+++ Input data
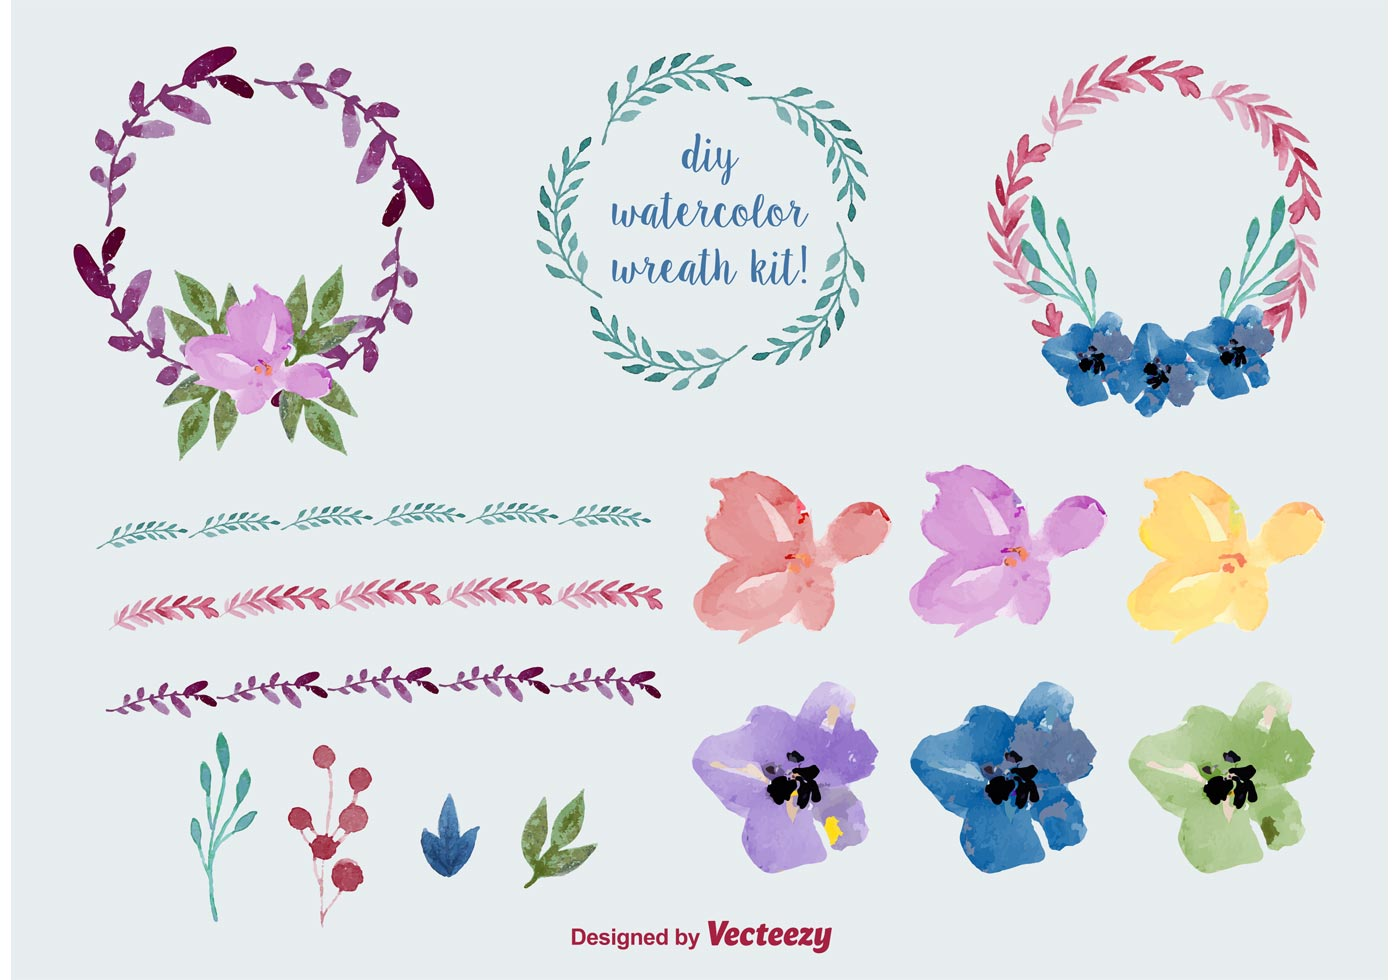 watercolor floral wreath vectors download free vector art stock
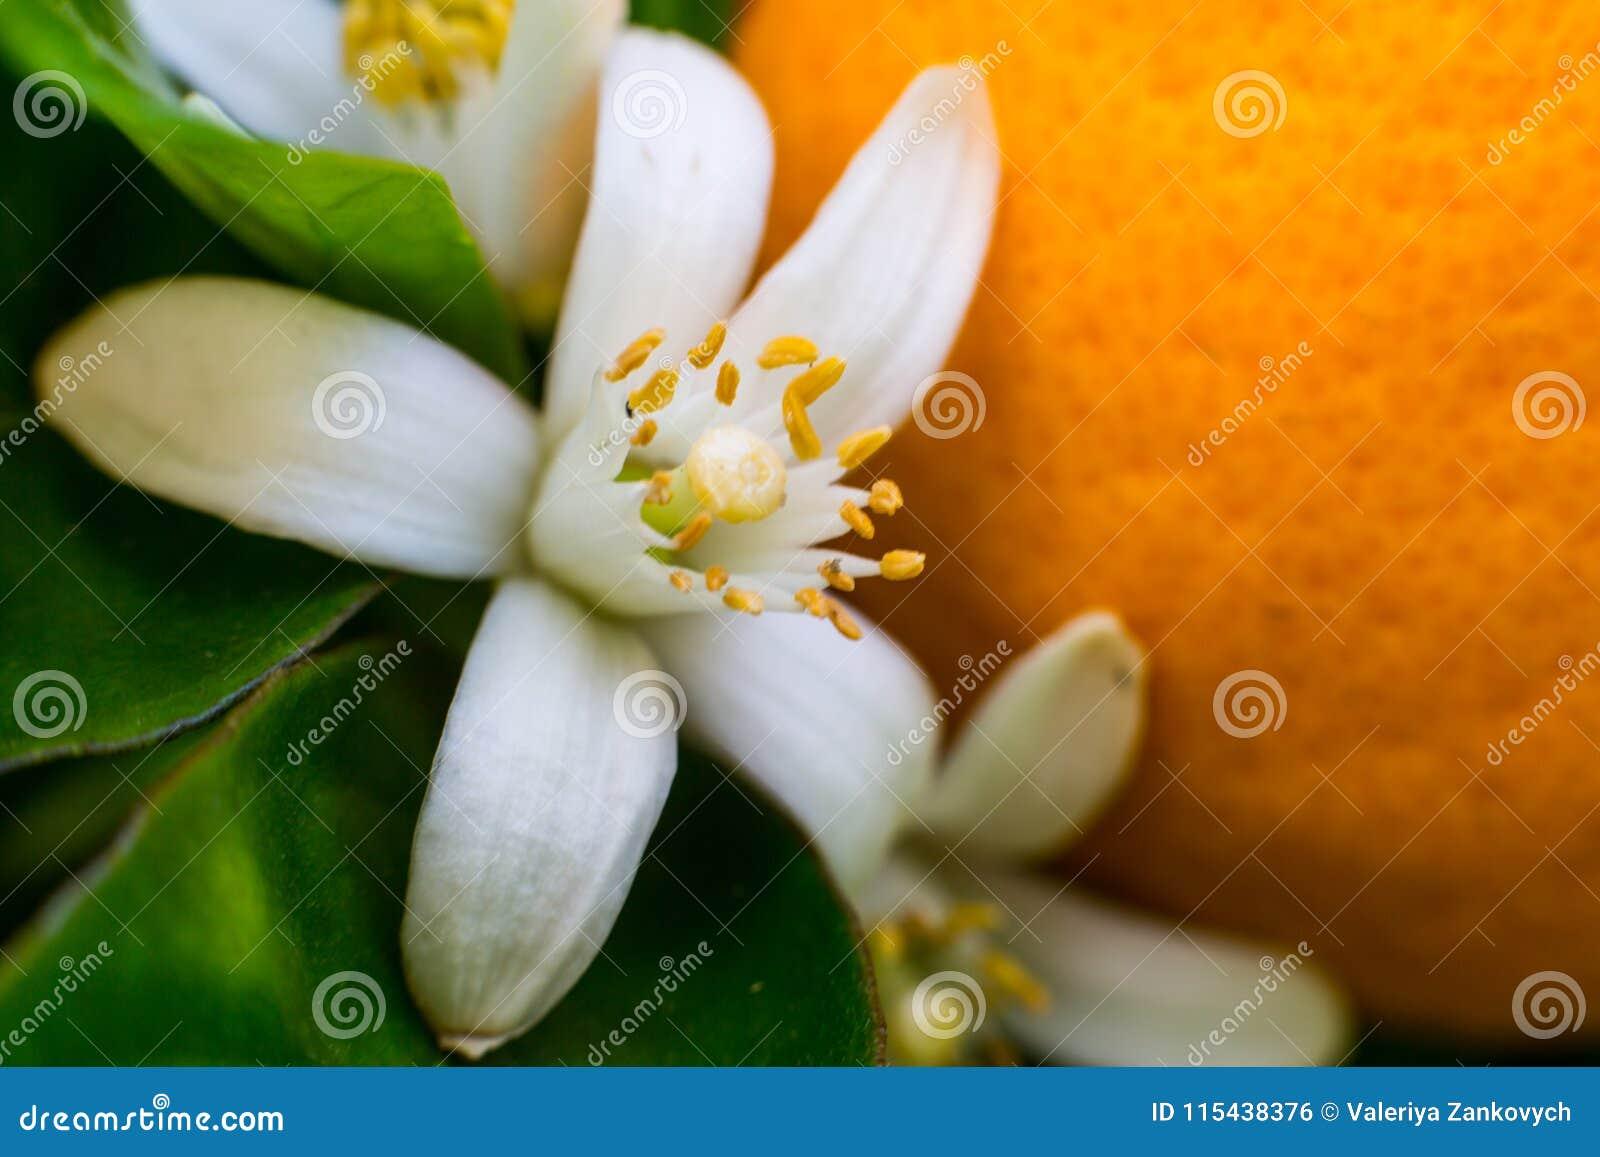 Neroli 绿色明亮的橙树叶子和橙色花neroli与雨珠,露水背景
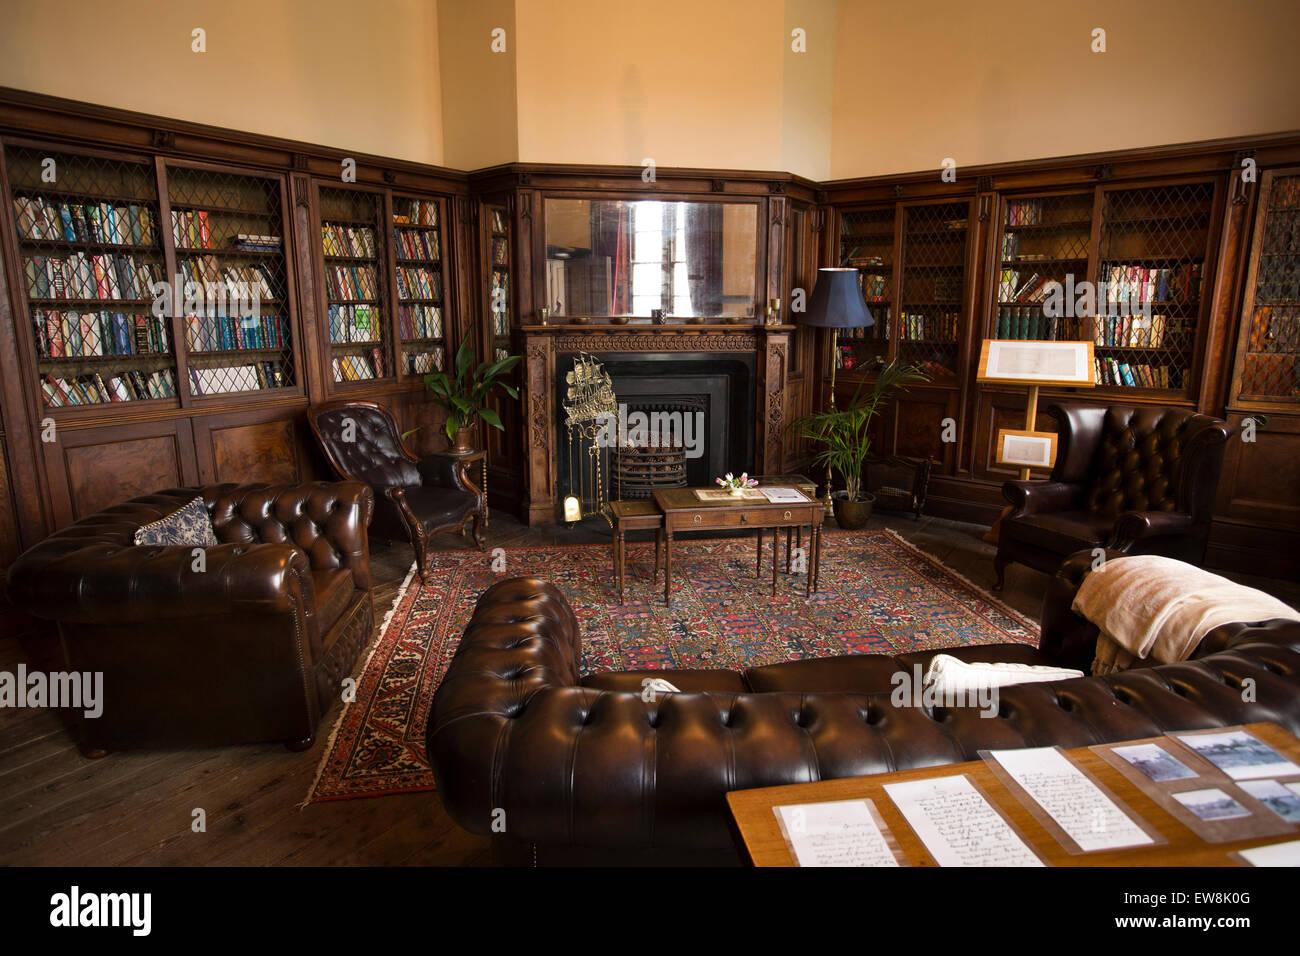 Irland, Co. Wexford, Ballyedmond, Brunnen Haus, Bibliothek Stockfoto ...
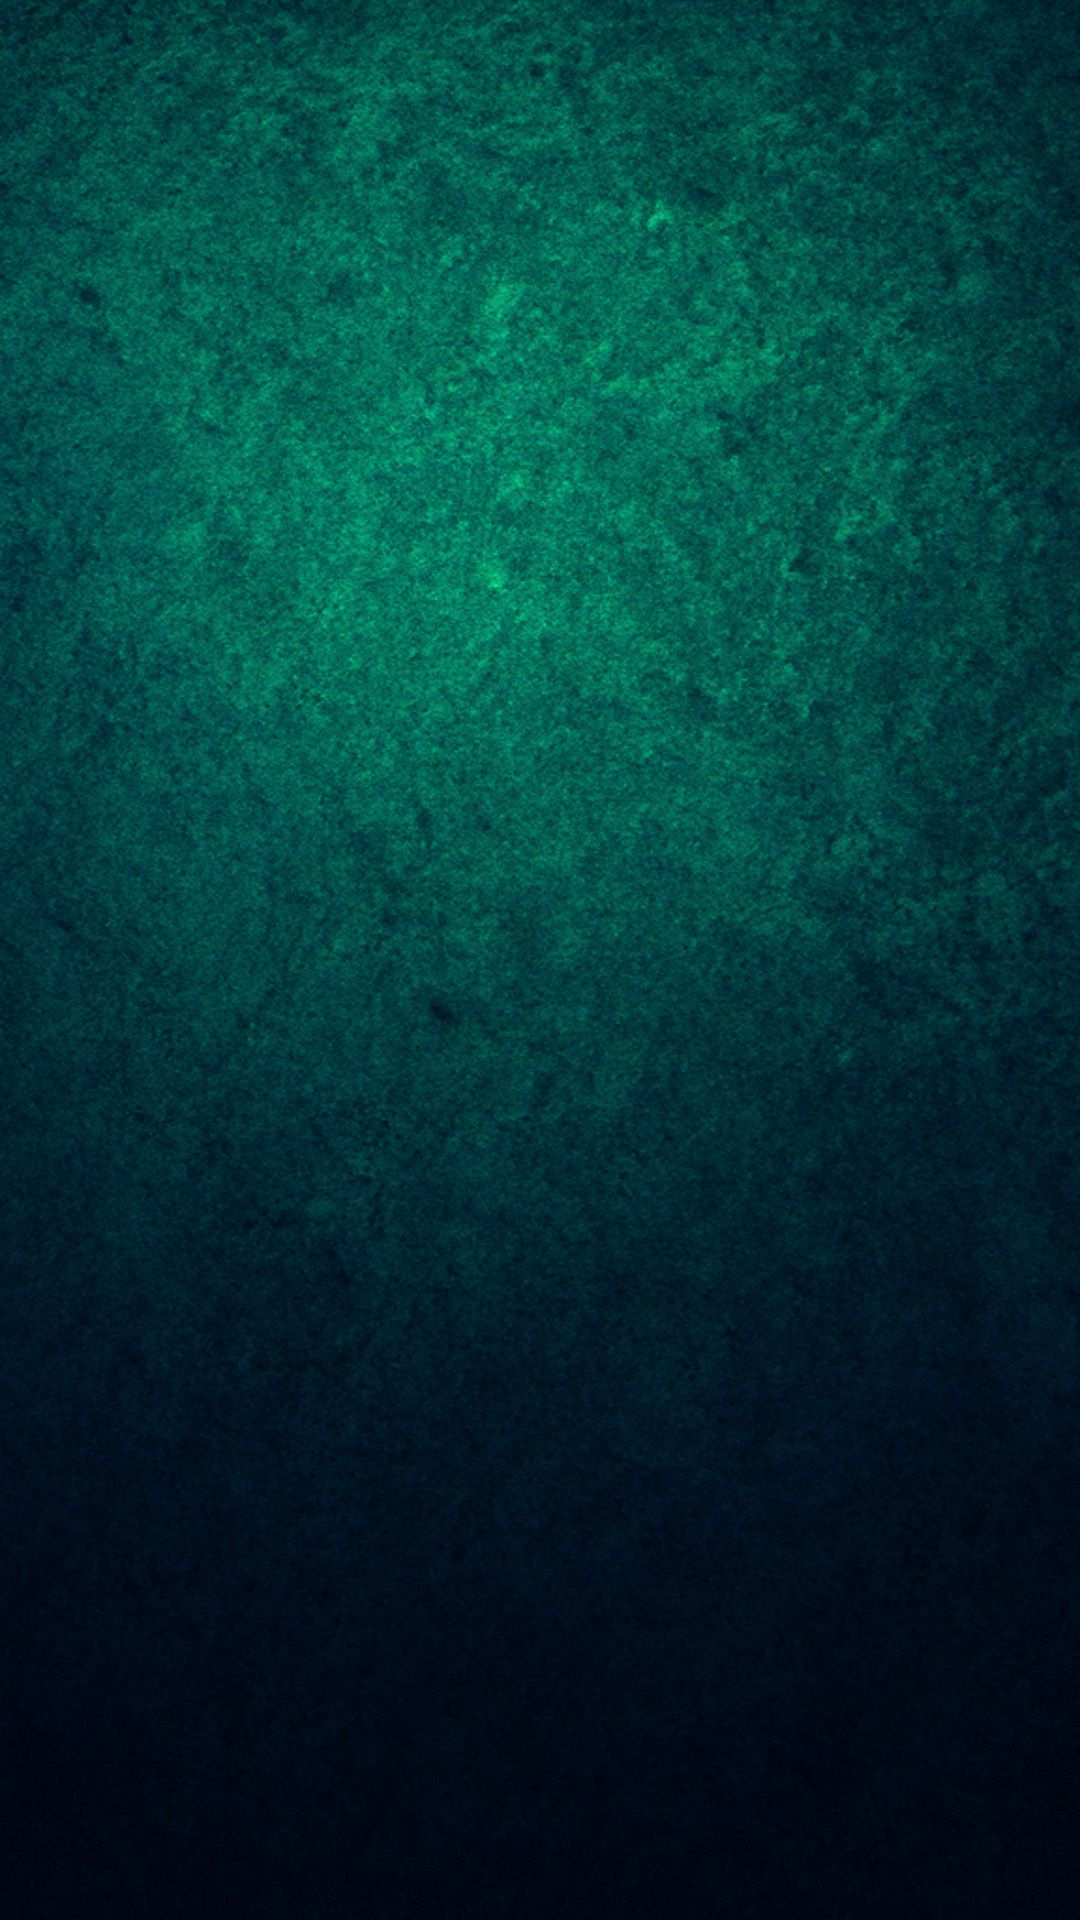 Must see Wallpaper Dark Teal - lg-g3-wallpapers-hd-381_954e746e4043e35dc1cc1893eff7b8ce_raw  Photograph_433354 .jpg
++++++
Assignment:
Could you copy the lines above exactly and skip the images?

Solution to this task:
 watercolor floral wreath vectors download free vector art stock
 Neroli 绿色明亮的橙树叶子和橙色花neroli与雨珠,露水背景
 Irland, Co. Wexford, Ballyedmond, Brunnen Haus, Bibliothek Stockfoto ...
 Must see Wallpaper Dark Teal - lg-g3-wallpapers-hd-381_954e746e4043e35dc1cc1893eff7b8ce_raw  Photograph_433354 .jpg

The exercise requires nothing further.